Imagine that. A company that once produced horror stories went on to produce more horror stories of a different kind! Namely, the Sitterson catastrophe, along with the Jem & the Holograms monstrosity. 2017 was certainly a most embarrassing year and it's cost them big. He also brought up ROM, which they licensed as well for new adaptations:
God, I don’t know. There’s so many. I mean certainly bringing Rom back was always a goal even when we first started with Transformers and Hasbro in 2005. My second question was “What about Rom?” It was a love of mine that had been out of comics for 30 years. To be able to bring that back is just a huge feat for me, just as the kid who grew up loving this stuff.
I've learned some SJW elements may have turned up in his rendition, so I can't see why he considers ROM a childhood favorite if he's going to cram propaganda down the readers' throats.

Next comes where MacDonald at least admits the controversy ignited by Sitterson existed, but sugarcoats it nevertheless:
THE BEAT: OK, I do have to bring up one of the low points however. A recent controversy that touches on a lot of how comics and social media interact is the Aubrey Sitterson situation.

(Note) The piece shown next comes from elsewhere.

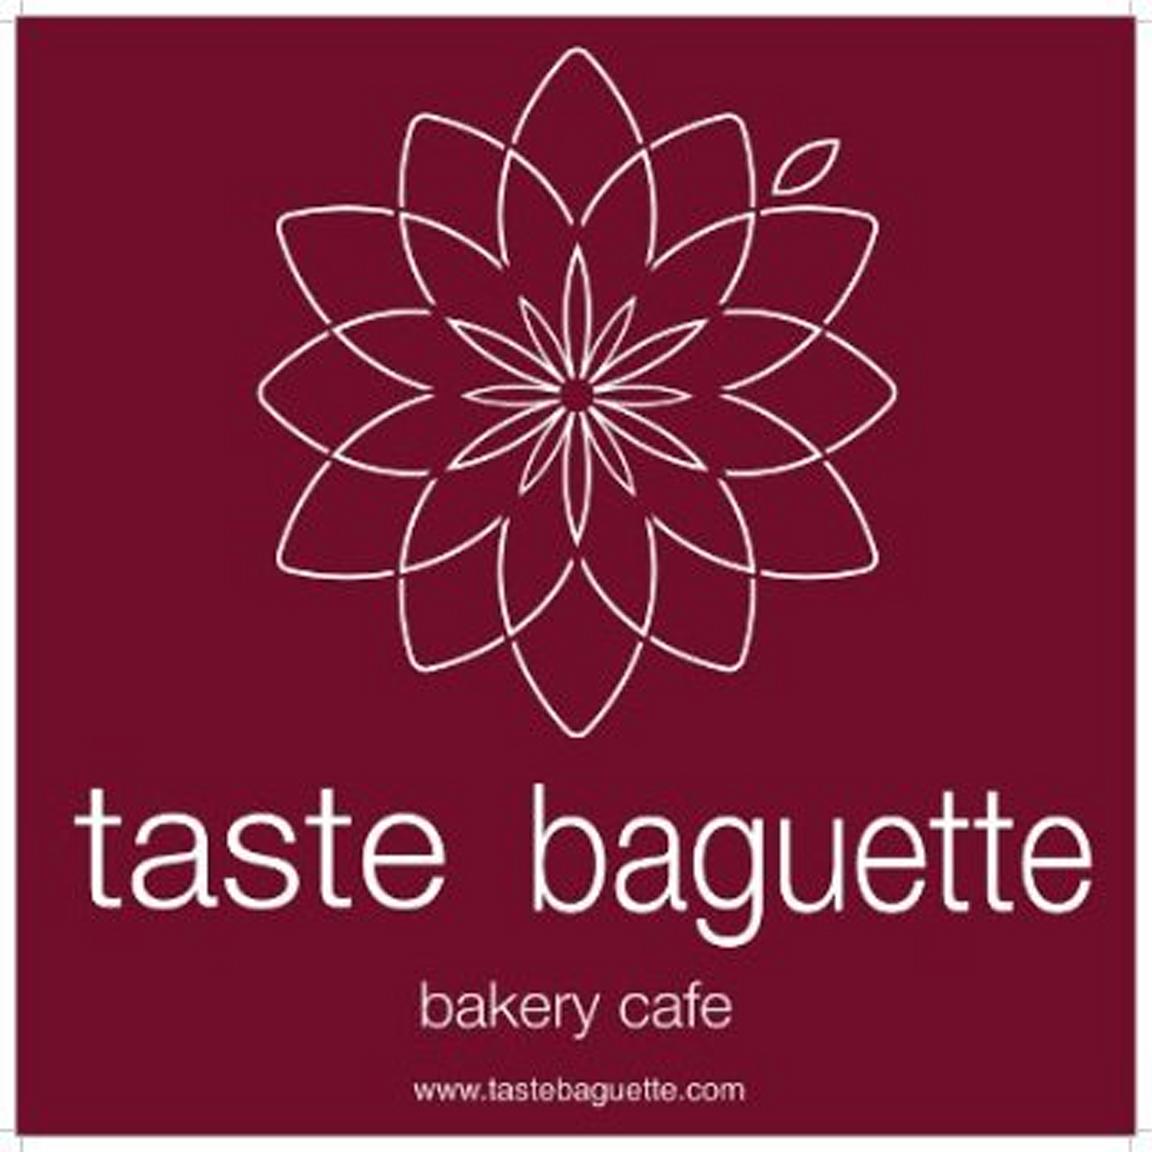 taste-baguette-logo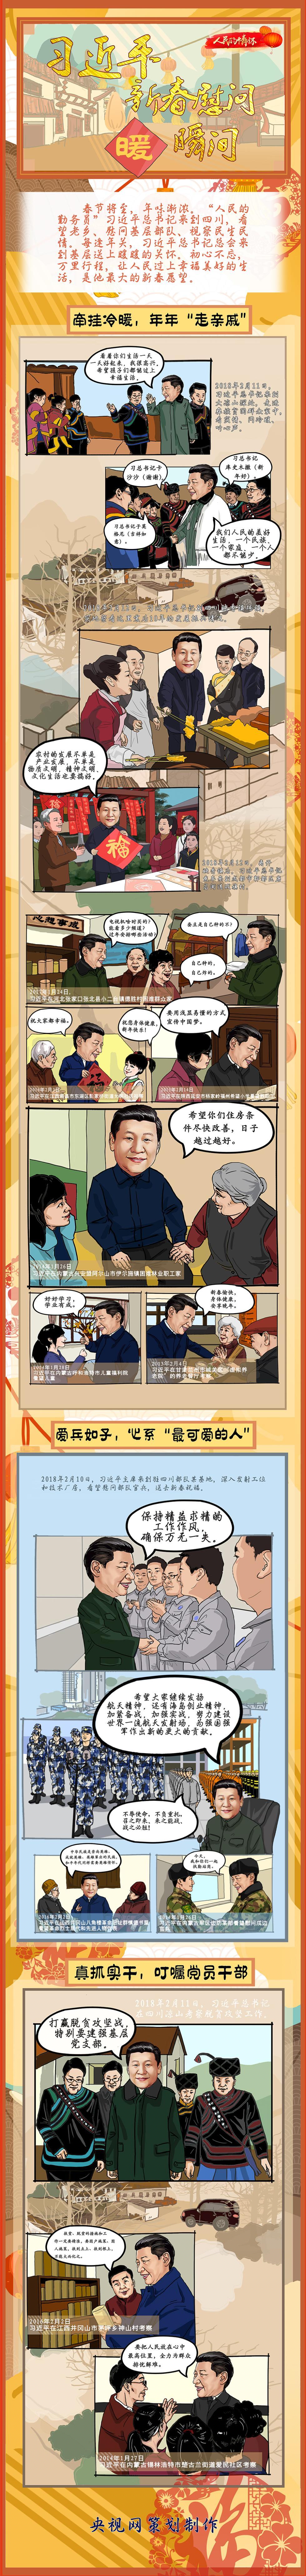 """条漫丨习近平新春慰问""""暖""""瞬间"""

RYALL: The story has gotten spun in such a way that makes us look like the bad guy and it kills me that that’s the case. Because that all came about because somebody said things that companies (that I don’t own) took exception to. But I and a of couple others really staked our jobs on not making a rash decision on having that person removed and keeping the book going and even rewarded that person with a new series. Ultimately that new series didn’t sell. I’m sure there’s all kinds of ideas of why it didn’t sell but the fact is it didn’t sell right from the start and so it had to go away. But somehow rewarding somebody with a new book and not giving in to these idiots who were trying to put pressure on things, got spun to being that we didn’t support this person. That I think is the thing that hurts, because we did. We supported him, kept his job, gave him a new book and it killed me that it didn’t work.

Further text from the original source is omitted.